Mais connecter Pennylane à un assistant IA signifie que certaines données peuvent sortir de Pennylane pour être traitées par le fournisseur de l’assistant.

Il faut donc vérifier notamment :

  • la politique de conservation des données ;
  • les conditions d’utilisation des données pour l’entraînement ;
  • l’hébergement ;
  • les éventuels transferts de données ;
  • la gestion des accès ;
  • les obligations RGPD ;
  • le secret professionnel pour les cabinets concernés.

Le bon principe reste simple : donner à l’agent uniquement les accès nécessaires et conserver une validation humaine sur les actions sensibles.

Pourquoi cette ouverture est importante

Les agents IA étaient déjà capables de travailler avec des CRM, des outils de support, des bases documentaires ou des environnements de développement.

La finance était souvent plus compliquée.

Non pas parce que les modèles ne savaient pas analyser des chiffres, mais parce que l’accès aux données était fragmenté.

Le MCP Pennylane réduit une partie de cette barrière.

Il rend possible une interface beaucoup plus naturelle entre l’utilisateur et ses données comptables.

À terme, on peut imaginer une direction financière dans laquelle une partie des demandes quotidiennes commence par une simple question :

  • Pourquoi ma marge baisse-t-elle ?
  • Quels clients me doivent le plus d’argent ?
  • Quelles dépenses ont le plus augmenté ?
  • Qu’est-ce qui bloque ma clôture ?
  • Quels mouvements bancaires sont encore non rapprochés ?
  • Que dois-je regarder avant mon rendez-vous avec la banque ?

L’agent cherche les données, construit l’analyse et prépare la réponse.

Le professionnel garde la décision.

C’est probablement là que se situe le vrai changement.

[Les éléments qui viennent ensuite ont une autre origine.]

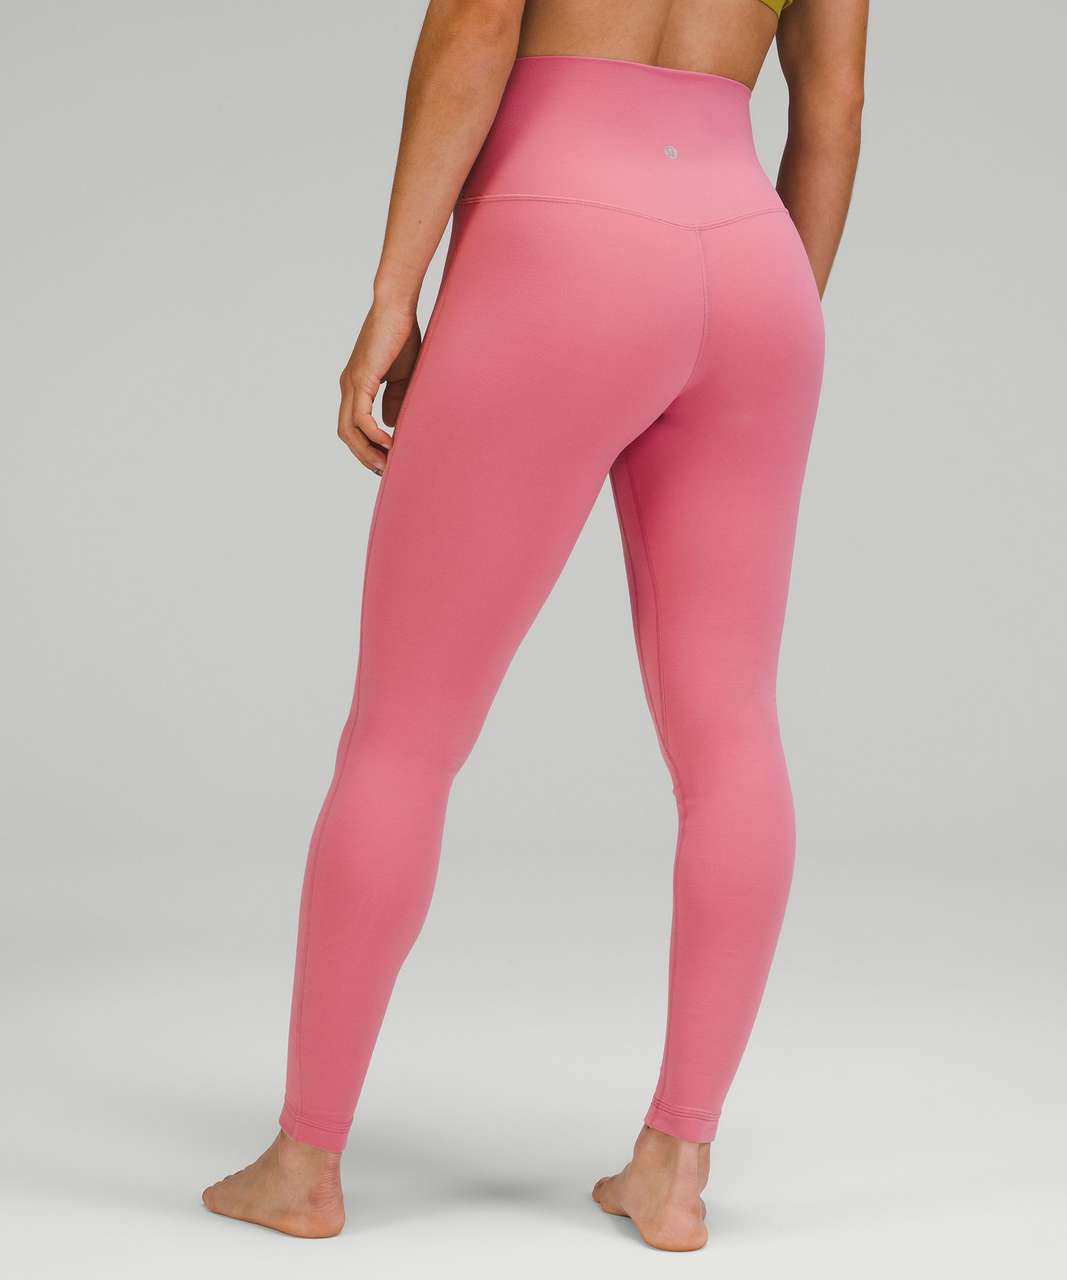 Align high rise pink lululemon leggings

Le prochain enjeu : passer de la lecture à l’action, proprement

Le potentiel deviendra encore plus important lorsque les agents pourront combiner :

1. lecture des données ; 2. raisonnement ; 3. proposition d’action ; 4. validation humaine ; 5. exécution contrôlée.

Mais vouloir tout automatiser immédiatement serait une erreur.

Le bon point de départ consiste souvent à commencer par des usages à faible risque :

  • recherche d’information ;
  • synthèse ;
  • contrôle ;
  • analyse ;
  • préparation de reporting ;
  • détection d’anomalies.

Puis seulement ensuite automatiser certaines actions bien cadrées.

C’est exactement le type de progression qu’une direction financière peut mettre en place sans transformer son système d’information en boîte noire.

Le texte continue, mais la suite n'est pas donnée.